Article | Why sell something profitable? The dilemma of

It is not new that governments use successful public companies to leverage electoral campaigns and guarantee a seat in the Legislative and Executive branches throughout Brazil. President Jair Bolsonaro’s case with Caixa Econômica Federal is emblematic and deserves attention due to the contradiction in his actions.

Caixa is a 100% public bank recognized as important, with market rules and regulations and which has had exceptional profits for the last 17 years. Excluding the BRL 5.5 billion advertised by the government as profit and which were, in fact, proceeds from the sale of Caixa Seguridade and Banco Pan – BRL 5.3 billion were, in fact, the company’s profit in the first half of 2021.

This data is essential because it proves that the government’s strategy of appearing to be strengthening the bank, inflating profits with assets sold and then selling the most profitable subsidiaries.

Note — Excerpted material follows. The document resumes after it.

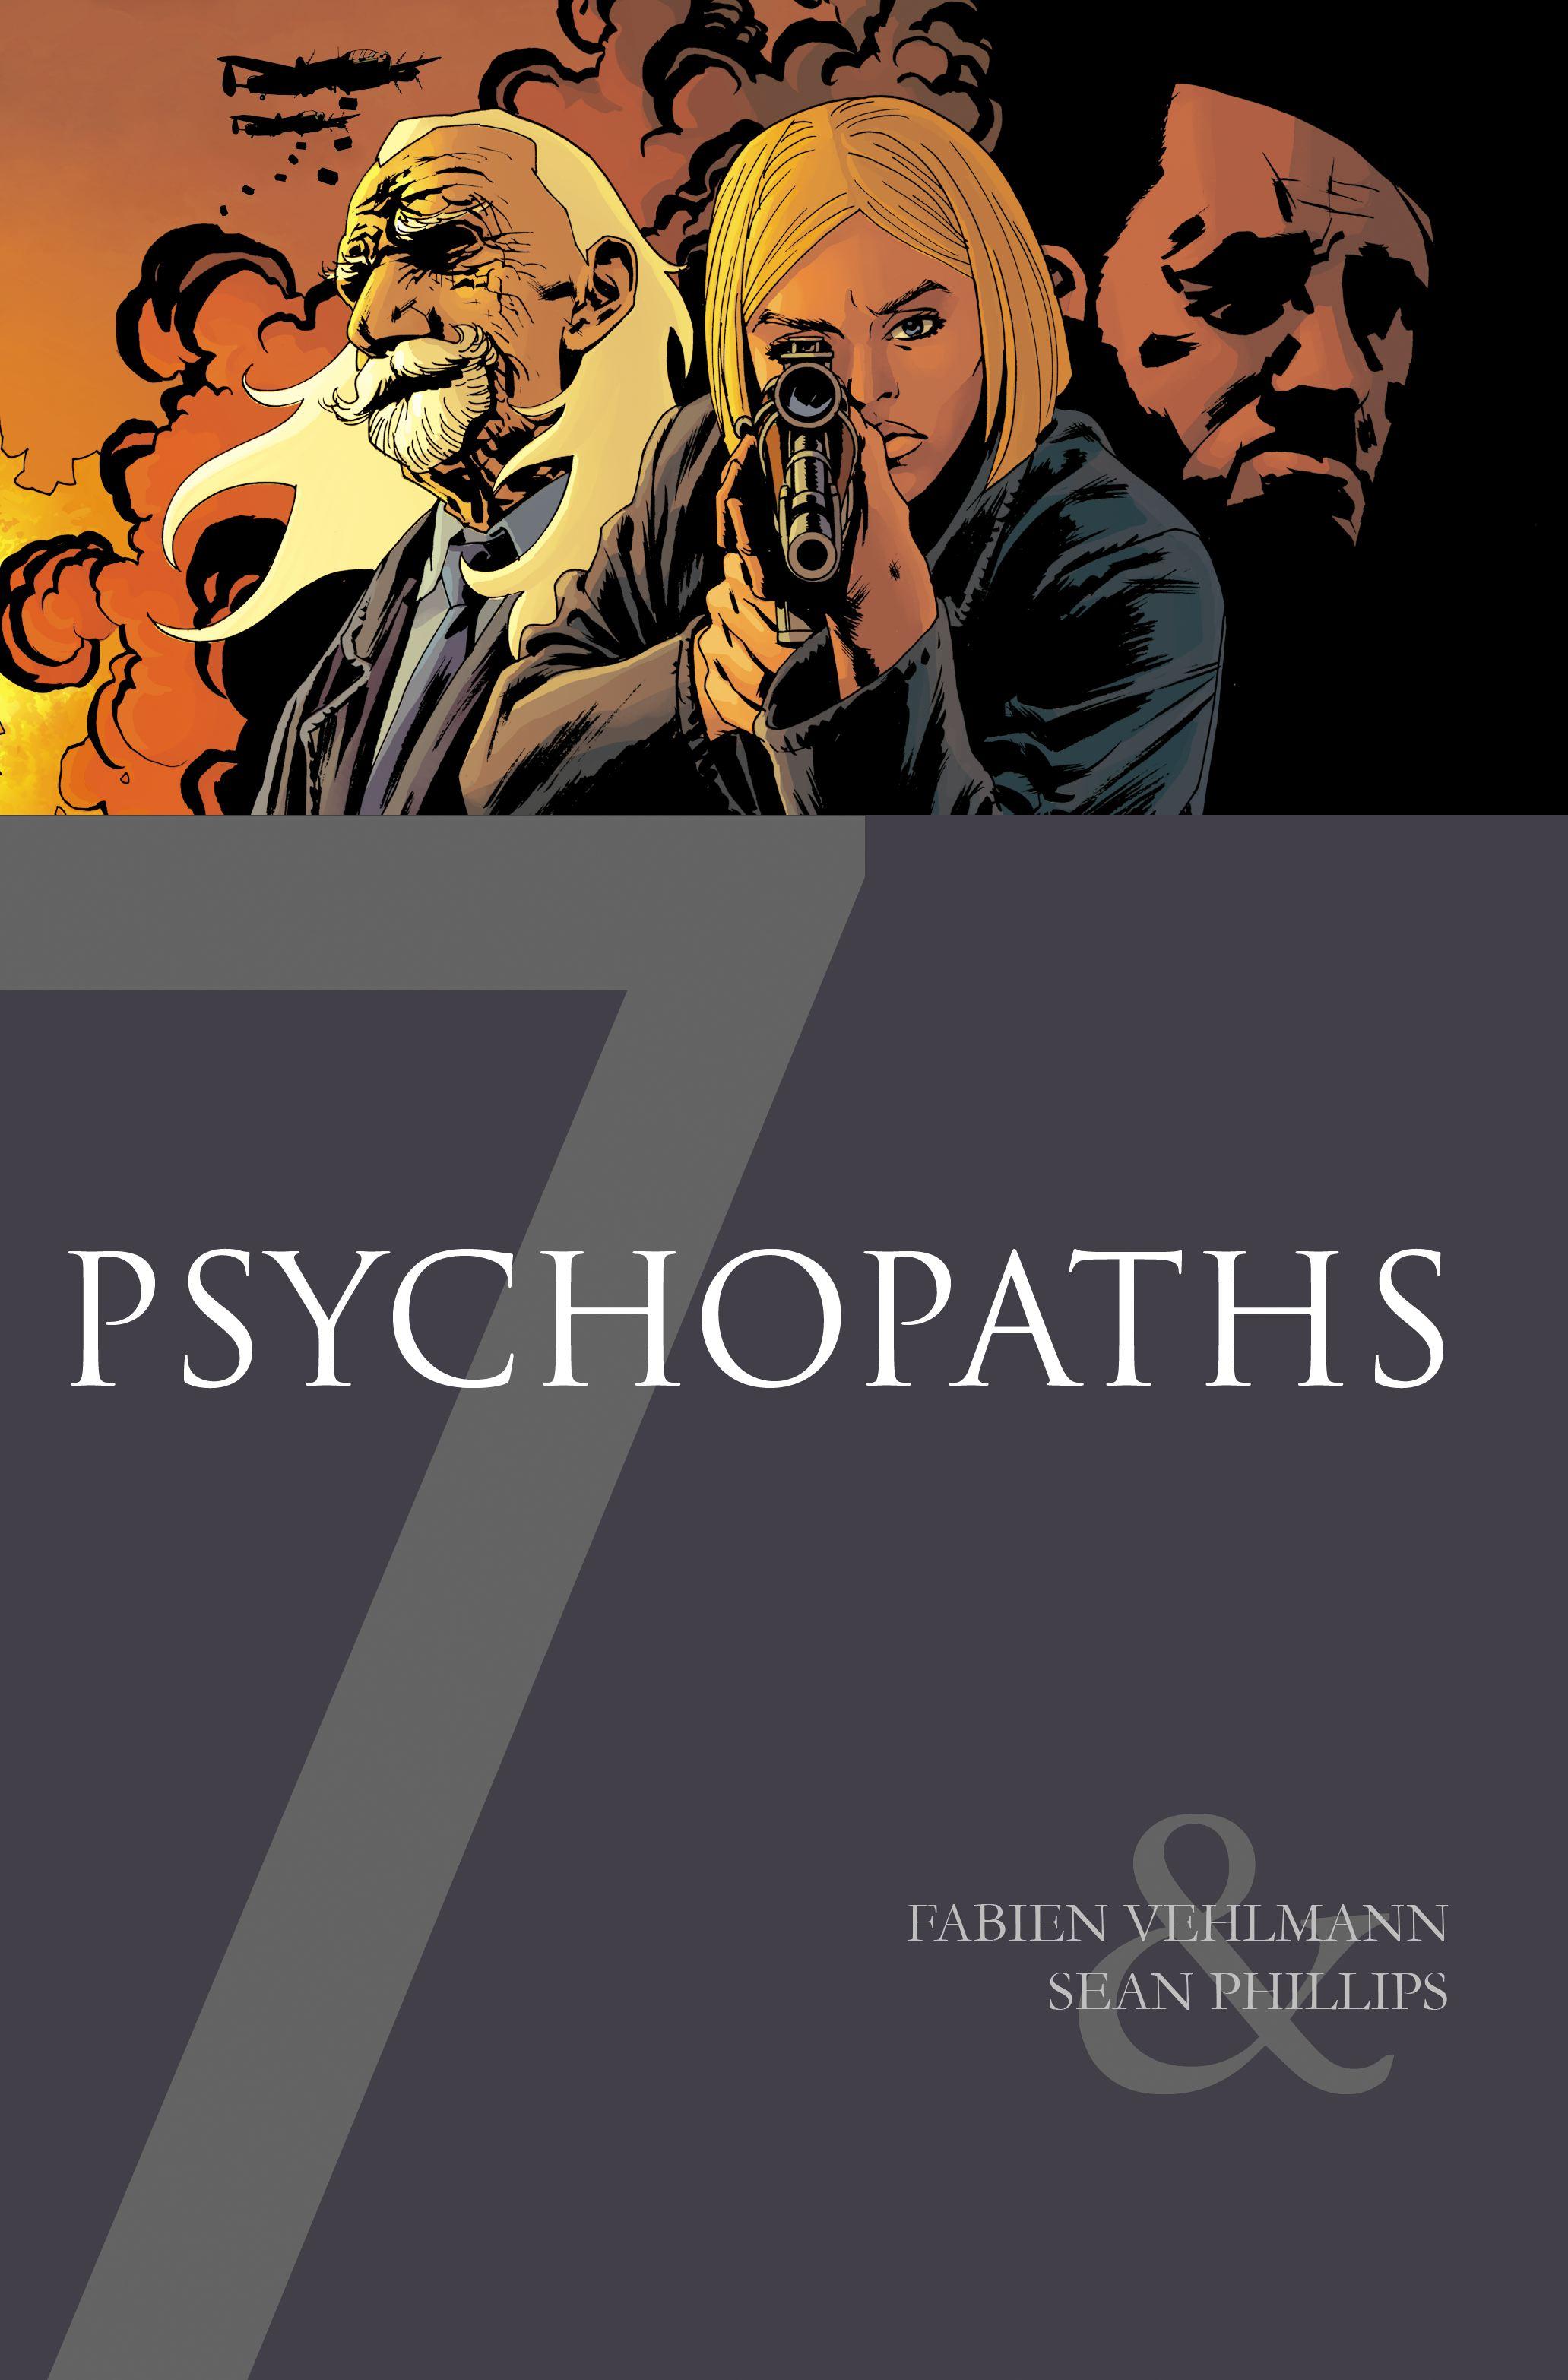 7 psychopaths 9781608860326 hr

:: Caixa makes 160 years at risk of privatization and with protests from employees ::

These maneuvers will, in fact, lead to the end of Caixa Econômica Federal, the bank responsible for the operationalization of public policies that make the populations of places historically abandoned by the public authorities to have some sigh of hope.

The privatist adventure of Paulo Guedes and his gang doesn’t make any sense at all when we talk about Caixa. Even more so when the President of the Republic himself uses the Caixa numbers to try to win votes.

A few days ago, the Central Bank granted operating authorization to Caixa Distribuidora de Bonds e Valores Mobiliarios (DTVM). The news should be celebrated by all Brazilians if it weren’t for the unintelligent plan announced by the bank’s president, Pedro Guimarães.

His idea is to transfer the assets of the asset and make the IPO (Initial Public Offering of shares) of the business in early 2022, selling one of the most strategic parts of the bank, which posted a profit of R$ 2, 1 billion in 2020.

:: Basic income is only possible because “they haven’t privatized everything yet”, says Tereza Campello ::

Can you imagine a private bank doing this kind of business: selling something profitable? It’s the exact opposite of what the market does.

When a bank creates a subsidiary and this new company makes a profit, it invests even more in this project. But the Bolsonaro government is moving to sell off the best assets. This action may seem harmless, a form of bank modernization that will not affect many people’s lives. Is not true.

Caixa is in charge of the Employee Severance Indemnity Fund (FGTS). Without it, millions of Brazilians would be unprotected during economic crises.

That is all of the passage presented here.